Layout decisions strongly influence operational strategies, and the sub-problem most covered was the general layout, which deals with questions of aisle dimensions and physical arrangement of activities, in order to reduce the internal distance run.

Thanks to the generalized implementation of new IT developments that offer fresh opportunities for improving warehouse operations, this interactivity between activities and decisions is feasible. Featured among them are real-time control of warehouse functions, easy communications with other parts of the supply chain and high levels of automation.

Concerning design decisions in the supply chain, the review shows that they are divided into three groups: strategic; tactical; and operational. On the strategic level, they consist of network configuration decisions, such as the number of installations/knots, the location of these knots, and the capacity and technology to be implanted in each installation. In this context, the decisions about warehouse design are made. The tactical level, relates to network connectivity decisions, and at the operational level, lie the production decisions.

In regard to automation capacity, the topic about allocating resources covers the problem of equipment selection, and the definition in terms of which materials should be employed for handling equipment systems.
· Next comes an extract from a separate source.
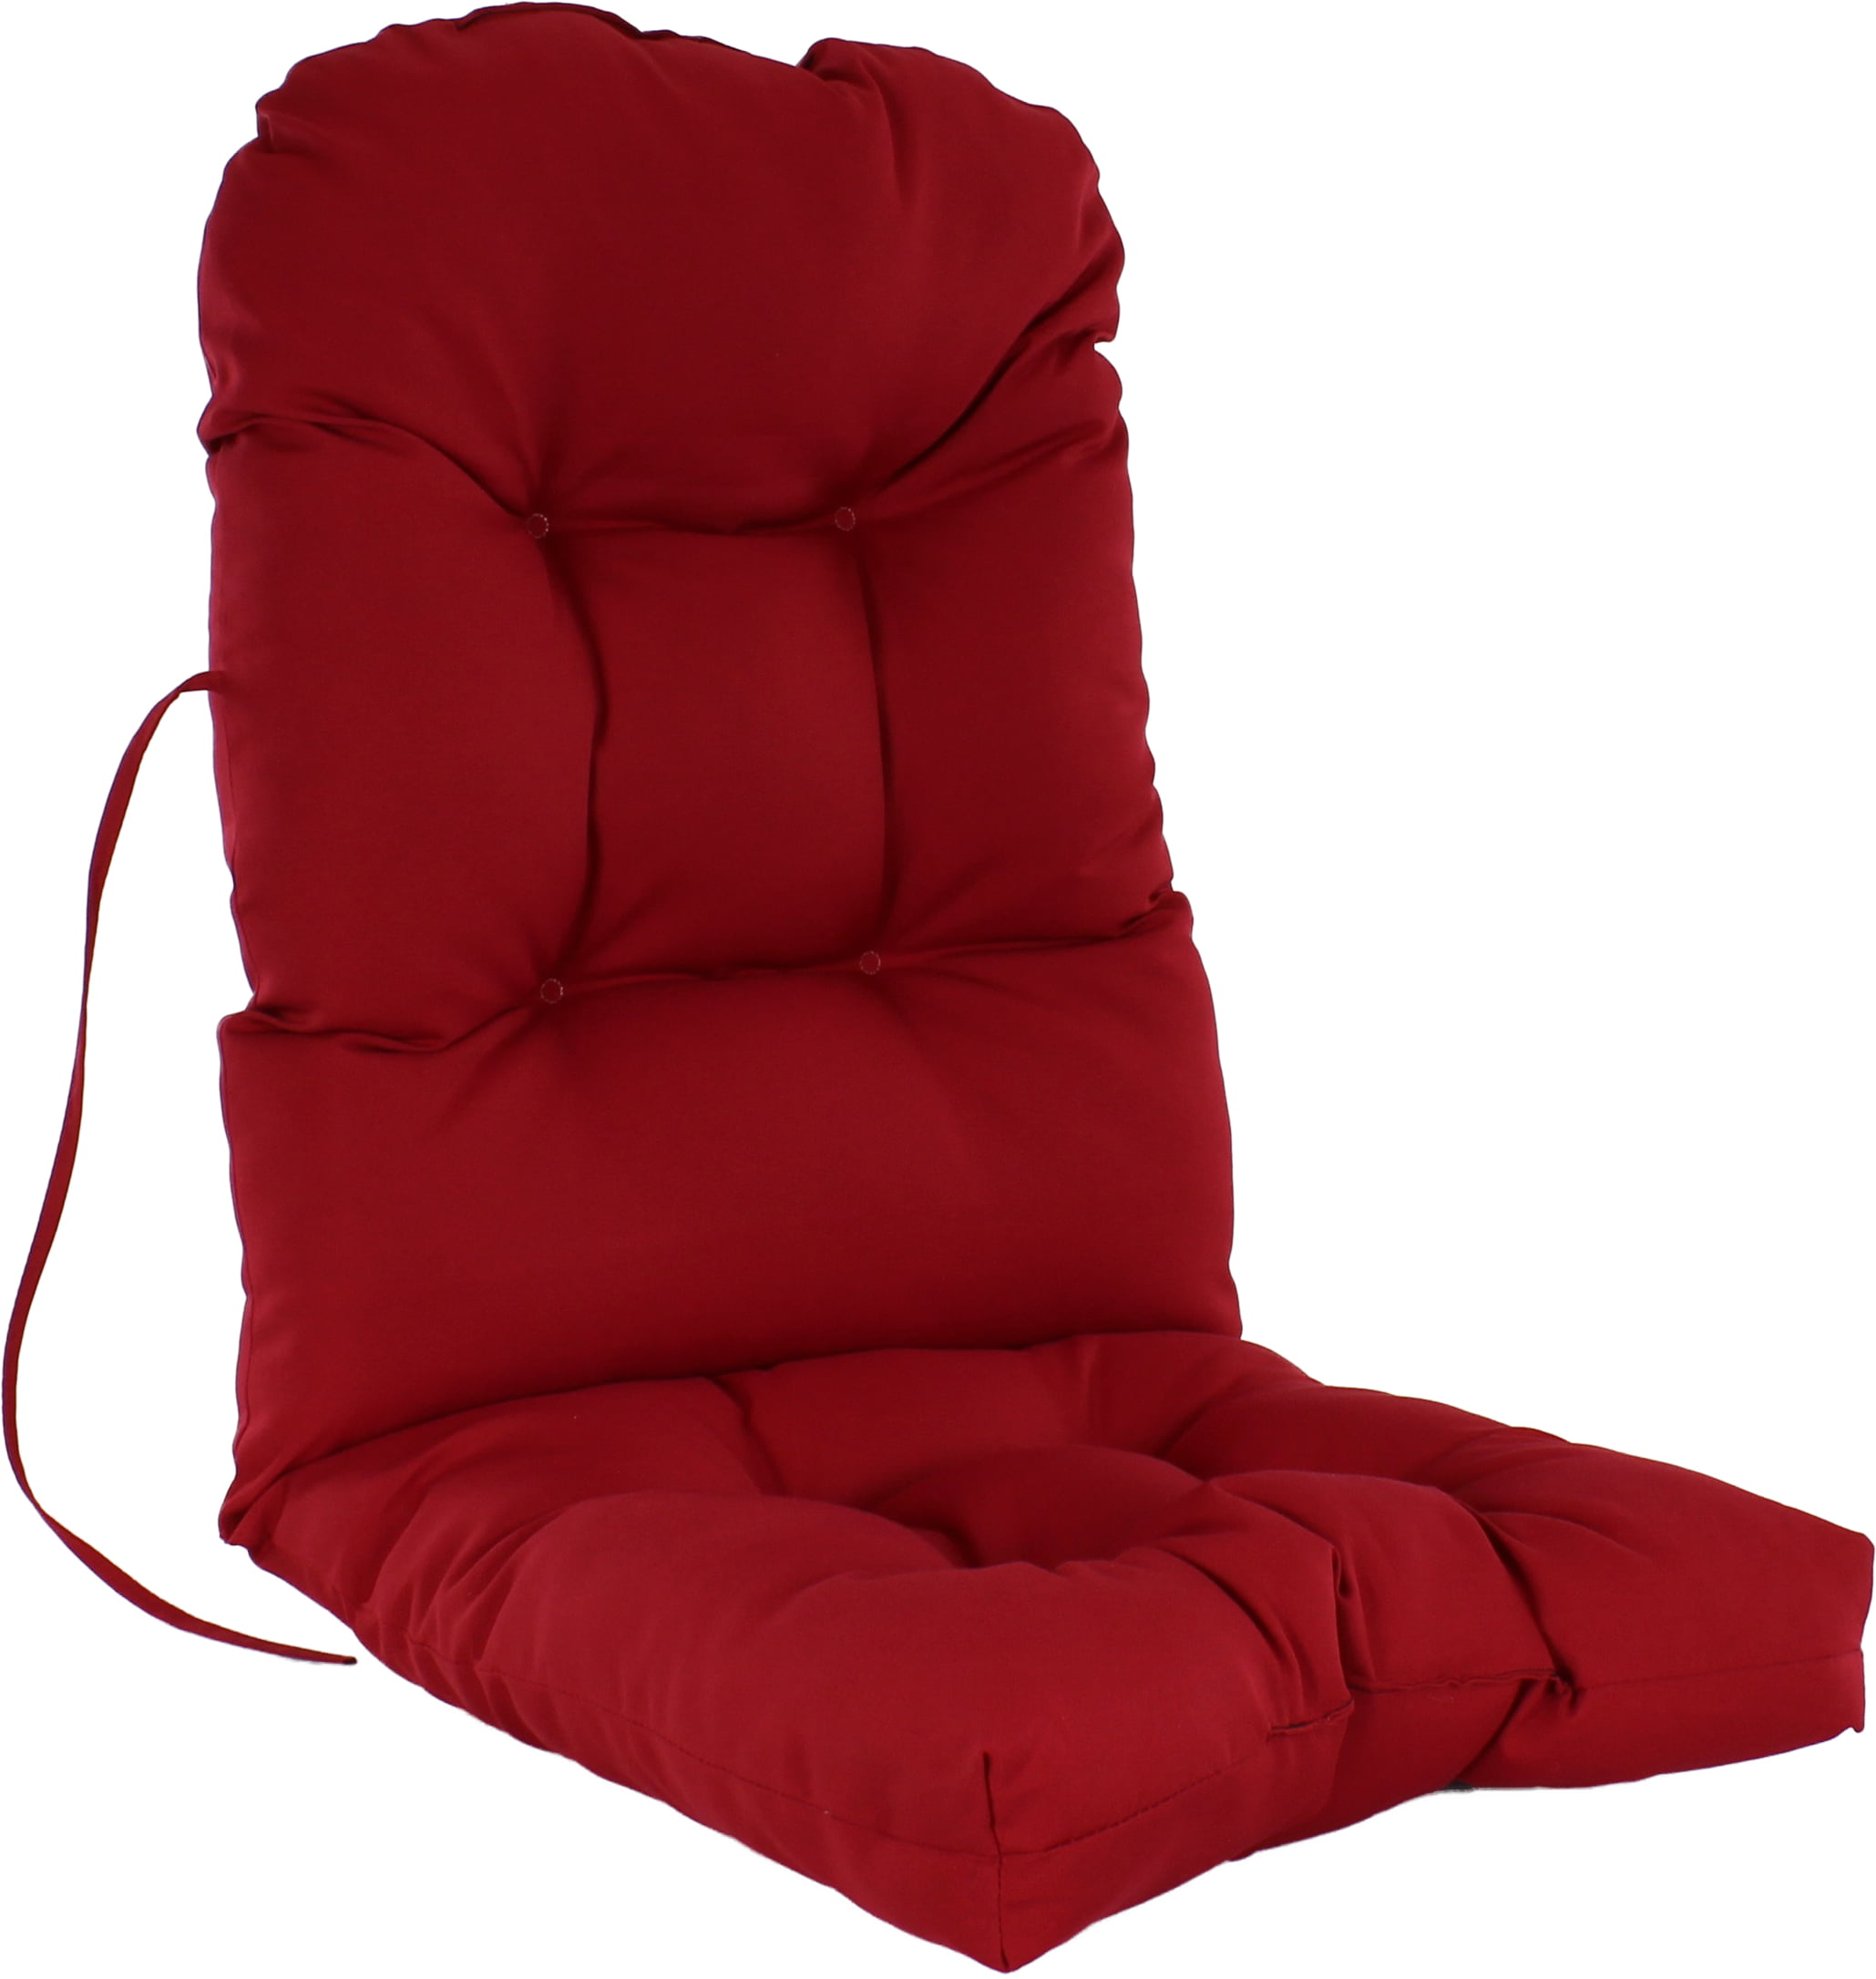 Indoor chair cushions

Many studies on automated systems were encountered but quite few with manual movement optimization models. Only one article dealt with the question through the lens of a trade-off between the use of the human factor and the automation level. Given the importance of this theme, it is also suggested as a subject to be further explored in future studies.

The product variety to be moved by the warehouse was the most commented characteristic. Since the greater the variety, the more flexible the installation must be to deal with the multiplicity, the more complex the installation design becomes. Regarding this input on the framework, it should be pointed out that there are other important characteristics, which could have a great impact on the general configuration of a warehouse but have not as yet been treated in any model. The review presented here did not cover them, and it is hoped that future research can include them, such as: categorization of an item into a family and/or class, physical characteristics, weight, packaging, and public regulations.

Regarding financial factors, operational costs are included in the majority of the models analyzed. Note the lack of models that consider the question of investment, of which there are important indices of implementation of an installation that will require an amount so significant as the case of a warehouse. With reference to operational factors, the most considered models were distance run and processing rate. These factors are associated with order picking activities, which are emerging today as the main activity in distribution centers.

Finally, the main objectives of designing warehouse installations are: minimizing costs; and maximizing the order processing rate. There were no articles encountered that looked to minimize investments or maximize profits, as well as minimizing delays in product delivery, an important point in the context of service level.

Although the articles selected represent a significant sample of literature on the theme, it is important to point out the limitations of the study. It is concentrated basically on articles indexed in Science Direct and uses the search parameters laid out in the method description.